図2】(a)および(b)は、上記実施形態の血液濃度定装置の構成を、基準ブロックをケースの溝内の使用位置に前進させた状態で示す外観斜視図および一部切り欠き斜視図である。
図3】(a),(b)および(c)は、上記実施形態の血液濃度定装置の、発光素子として発光ダイオードを用いた3種類の構成を模式的にそれぞれ示す断面図である。
図4】(a)および(b)は、上記実施形態の血液濃度定装置の、発光素子としてレーザーダイオードを用いた2種類の構成を模式的にそれぞれ示す断面図である。

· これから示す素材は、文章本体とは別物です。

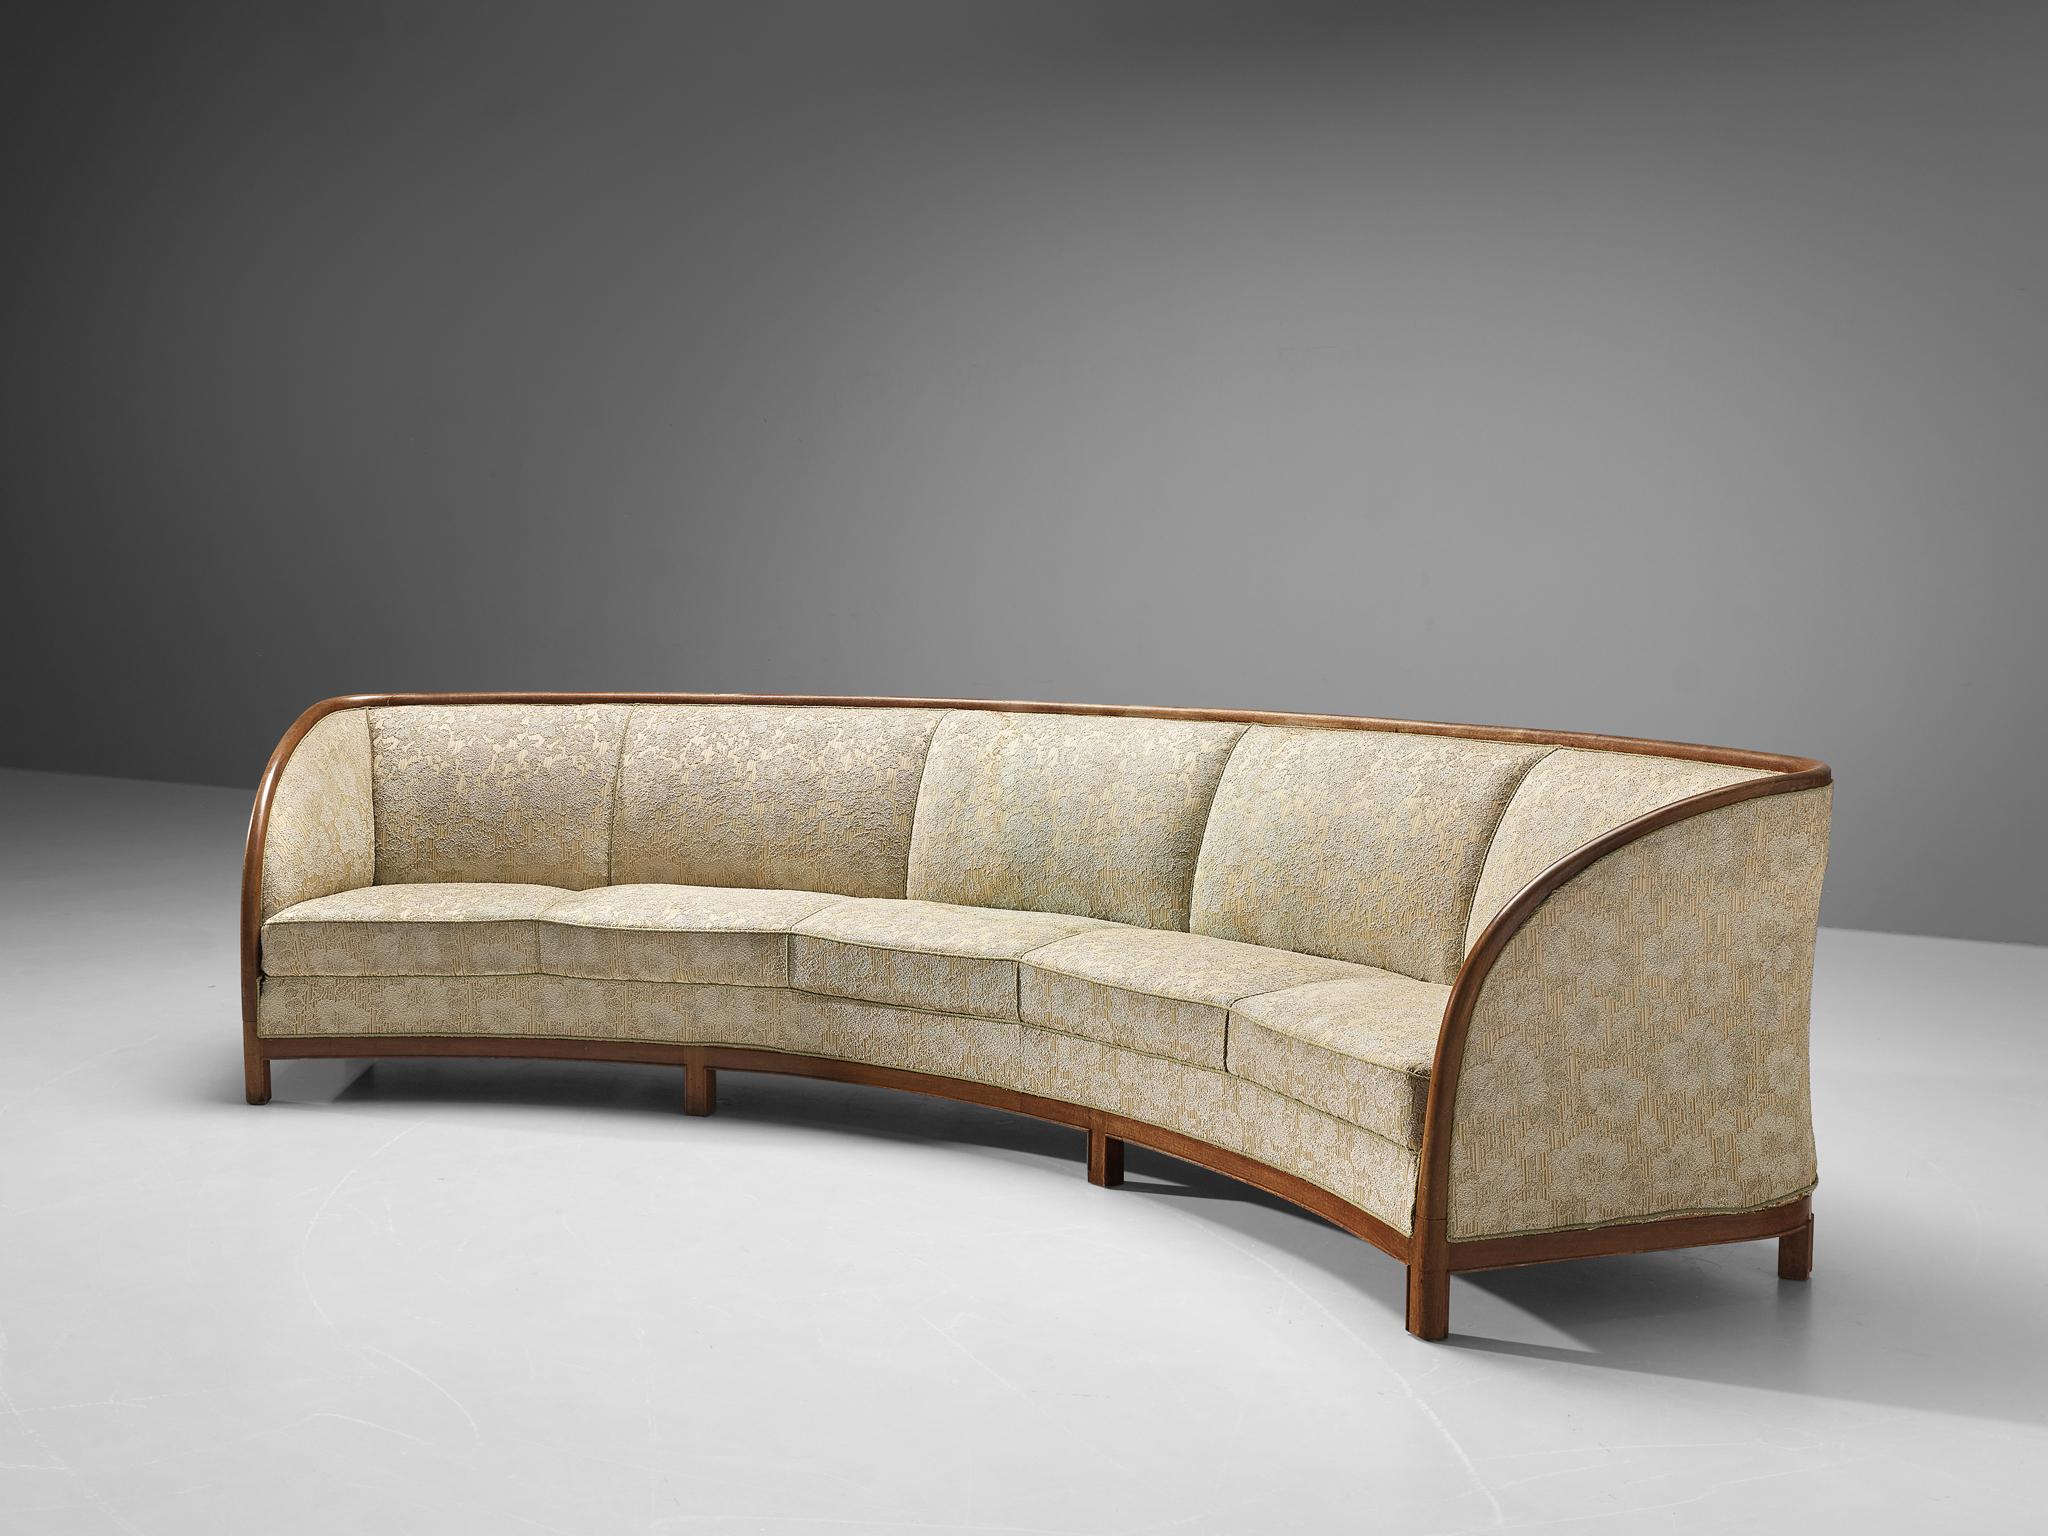 Sofa, fabric, wood, Denmark, 1950s

A grand sofa of Danish origin that radiates sophistication and understated simplicity. The curved form will bring your room a sense of dynamism. The seats are upholstered in a patterned fabric of flower motifs in

図5】(a)は、図3(b)に示す構成の、バンドパスフィルタを用いた一変形例を模式的に示す断面図、(b)は、そのバンドパスフィルタの透過光の波長と強度の関係を示す説明図である。
図6】(a)および(b)は、上記実施形態の血液濃度定装置の、受光素子として光センサを用いた2種類の構成を模式的にそれぞれ示す断面図である。
図7】(a)および(b)は、上記実施形態の血液濃度定装置の、受光素子として光センサを用いたさらに2種類の構成を模式的にそれぞれ示す断面図である。
図8】(a)~(e)は、上記実施形態の血液濃度測定装置における血液濃度の測定手順を示す説明図である。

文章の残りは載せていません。